その中には二人でためたお金がはいっている。
いつか、自分たちの故郷を親を探す旅の資金にするために。
二人で食材を抱え家に帰ると…
「おー!お使いありがとさん。お前らが手伝ってくれるからいつも助かってるぜ…。」
俺達の育て親、狼獣人のゼファーは獣人で組織された傭兵団の団長をしているだけあって筋肉ムキムキで強くてかっこいい!
俺は憧れていたが、コハクは肉肉しい筋肉が嫌なそうでムキムキになるならお前だけなれとつれないんだ…クーン。
俺達は故郷も産みの親もわからない…ゼファーが言うには…
人間たちに拉致られて来た俺達をたまたま見た団員がゼファーに頼んで救い出した時は俺達だけで他には手がかりになることは何もなかった。

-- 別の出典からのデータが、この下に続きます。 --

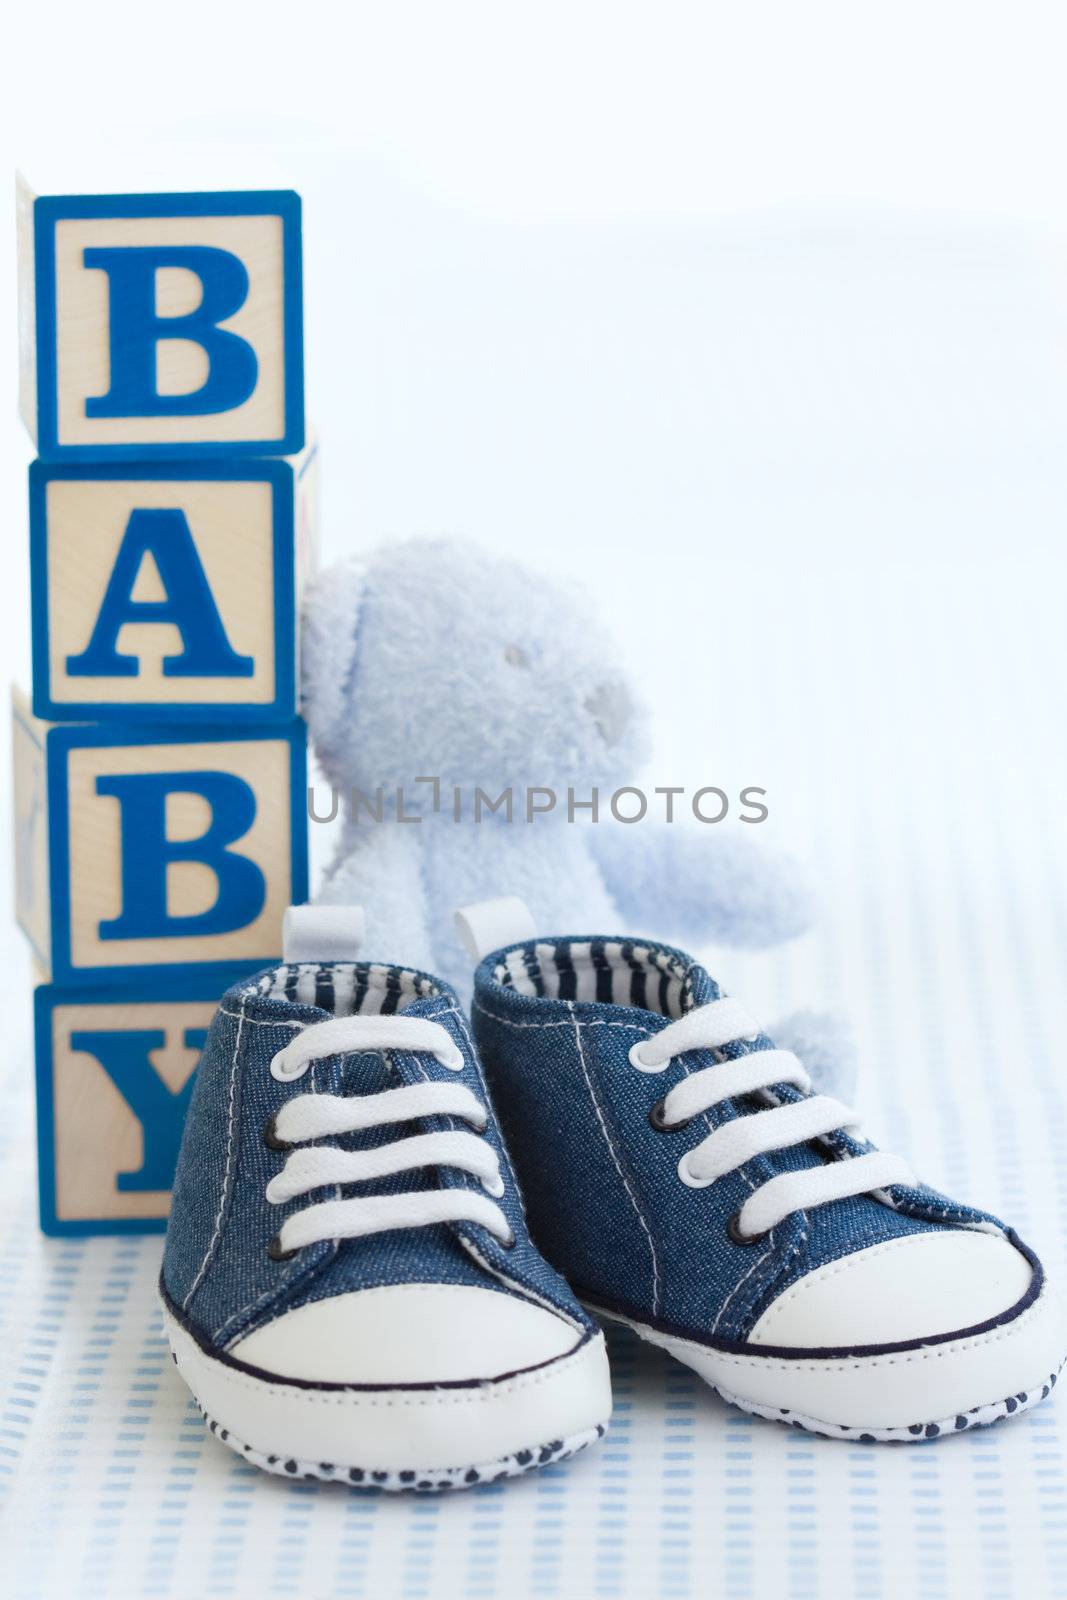 Blue denim baby shoes, baby blocks and teddy bear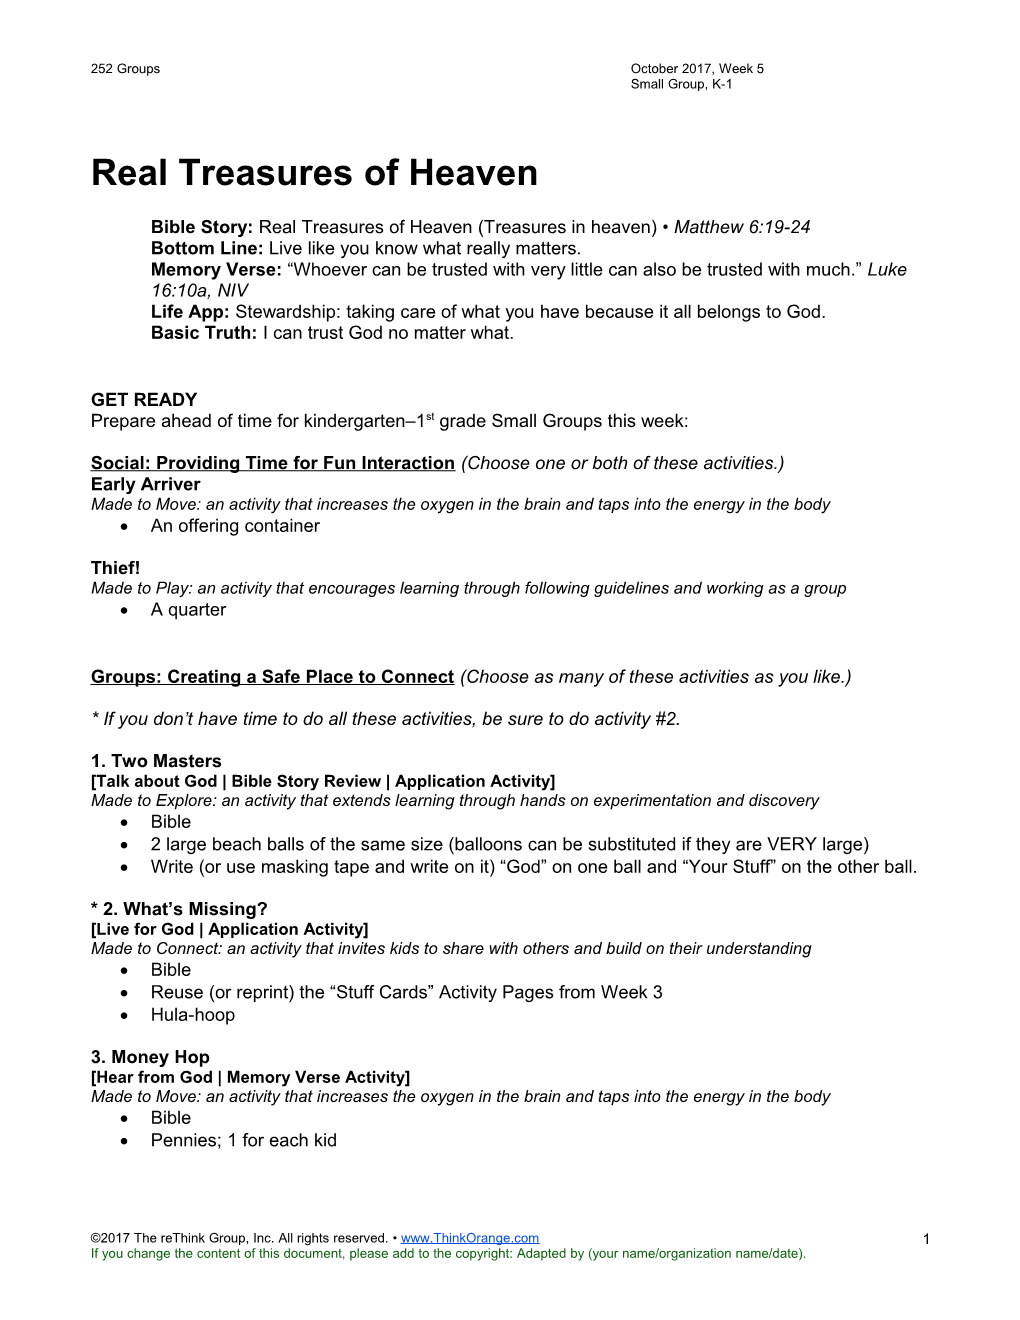 Real Treasures of Heaven

生け捕りにした人間たちに聞こうとしたが、その時には秘密保護の魔法が発動して死んでしまい…手がかりはその時ゼロになった。
俺達は別に寂しくはない…だってゼファーが俺達を引き取って育ててくれてるし、村のみんなもいつもたくさん声を掛けてくれるんだ。
寂しがる暇なんてねーよ♪
寂しくはないけれど、やっぱり気にはなるんだ…俺達の故郷がどんなところで父親や母親はどんなやつかってさ…。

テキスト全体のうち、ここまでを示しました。